# Pymatuning?



## GRW (Aug 31, 2006)

Anyone like to share any recent info? Heading to north end for a week on Friday but trailering boat able to launch anywhere. Thanks in advance.


----------



## brad crappie (Sep 29, 2015)

GRW said:


> Anyone like to share any recent info? Heading to north end for a week on Friday but trailering boat able to launch anywhere. Thanks in advance.


It's pymy go catch um bud! They are there


----------



## ICENUT (Apr 29, 2008)

Everyone is hammering them at pyma weve been getting limits


----------



## bdawg (Apr 14, 2009)

What techniques are you using? I'll be vacationing there in mid-july and never fished there before. Will be targeting walleye.


----------



## chaunc (Apr 11, 2004)

Seriously, every thing is working. Drifting harnesses in shallow to deep and trolling cranks too.


----------



## marshal45 (Mar 8, 2007)

Well I must really stink at fishing. Fished yesterday from 7-noon and today from 6:30-11:30 and aside from a dozen perch we only caught 6 walleye w only three keepers. Largest was 27” but not quite the action we had hoped for. Did not see one other boat net a fish. One guy at the dock had one eye but that was it. We trolled cranks all depths.


----------



## hailtothethief (Jan 18, 2017)

Some days are better than others.
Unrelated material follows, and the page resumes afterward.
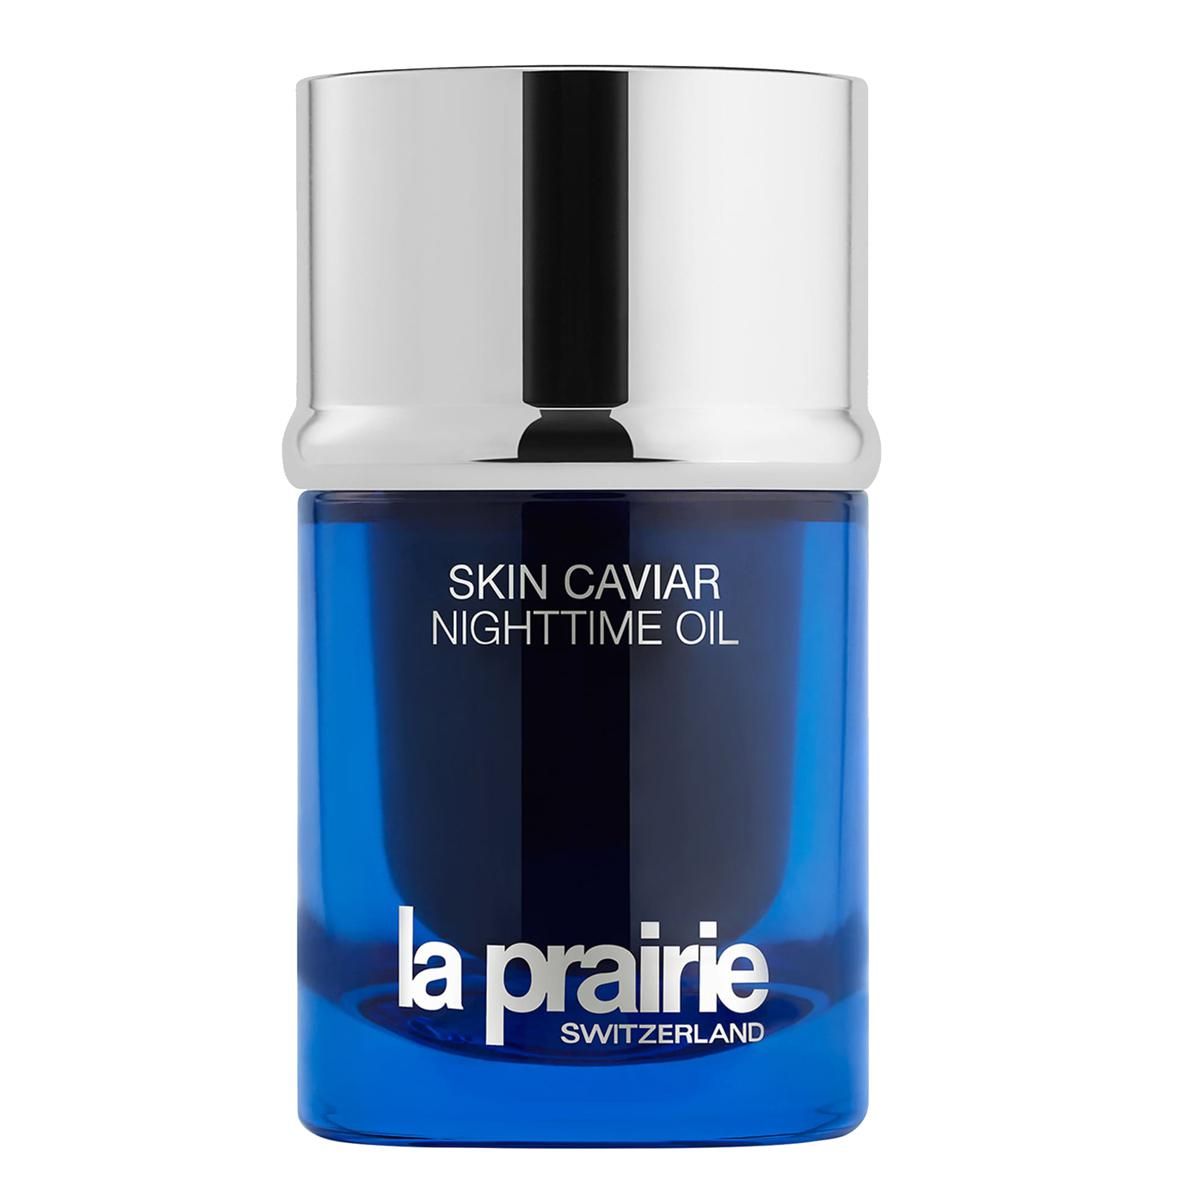 la prairie skin caviar nighttime oil

There’s been days i caught 20 one day and none the next. Dunno what happened may be fish ate too much day before and werent hungry.


----------



## Eyecrosser (Apr 10, 2016)

Bdawg check your pm.


----------



## stuckonshore (Jun 7, 2013)

Heading up to Pymy later this week. I've never been there before but we'll be there from Thursday thru Monday. Any suggestions? We're mainly looking for LMB action, but if the bite isn't there we're happy to try something else.


----------



## ICENUT (Apr 29, 2008)

The bass bite will be good but if your looking for walleye its a bit tough rite now.Panfishing is good but you will have to sift thru a lot of dinks!!! Its the summer doldrums.Now if it cat fish your in for a treat.


----------



## stuckonshore (Jun 7, 2013)

Thanks Icenut, glad to hear the bass bite is good! Do you think we'll be good fishing the typical features, or are there specific locations we should be looking for?


----------



## Dan1881 (Aug 27, 2018)

Can't help much with the bass but the Walleye's on the bottom seem to be pretty inactive but the ones suspended 12-15ft are feeding but still a tough catch. These past few weeks the lake seems to shut down around noon (for me at least) earlier the better for catches.


----------



## ducknut141 (Apr 26, 2017)

Just as a heads up Goose season opens this weekend.


----------



## stuckonshore (Jun 7, 2013)

Hi ducknut, can you explain to me as a non-hunter? I assume you're telling me there are things I should be aware of.


----------



## ducknut141 (Apr 26, 2017)

Just be aware that the group of geese may be decoys and the the people that put them there would appreciate if you or others didn't try to fish in them. Please respect the hunters they are just trying to enjoy their sport too.


----------



## stuckonshore (Jun 7, 2013)

Understood. I, nor anyone in our group, would be inclined to disturb anything that wasn't ours. We'll be out in the early morning fishing, midday we plan to have the dogs out for a swim, and maybe cruise around early evening. Hopefully, we will not be in anyone's way.


----------



## ducknut141 (Apr 26, 2017)

It's not the disturbing something that's not yours I have had fisherman in my decoys fishing it's very hard to get a goose to come in with a fishing boat in the decoys . I spoke to one last year that was very funny he didn't realize they were decoys and hunting season was open. After we we chatted a bit and laughed he told us to kill all we could and motored off. He was very polite about it. We only need a little bit of shore line.


----------



## stuckonshore (Jun 7, 2013)

I had no idea. I'm glad you said something though, Thank You!


----------



## InlandKid (Aug 29, 2006)

Stuck, are you fishing from shore or a boat? And are you staying in the state camp ground on the south end or north end?


----------



## stuckonshore (Jun 7, 2013)

Hey inland,
We’re staying in a rental in central pymatuning (PA side). We’ll be renting a pontoon boat for a couple days.


----------



## ducknut141 (Apr 26, 2017)

Enjoy yourself good luck fishing.


----------



## InlandKid (Aug 29, 2006)

In the North end. Fish between Tuttle island and shore with buzz baits for largemouths, and fish the mud flat area north of Clark island and you should pick up a few largemouths.


----------



## stuckonshore (Jun 7, 2013)

Awesome! Thanks guys!


----------



## johnboy111711 (Apr 7, 2004)

I like to drive through the flocks to get them flying. helps the hunters out.


----------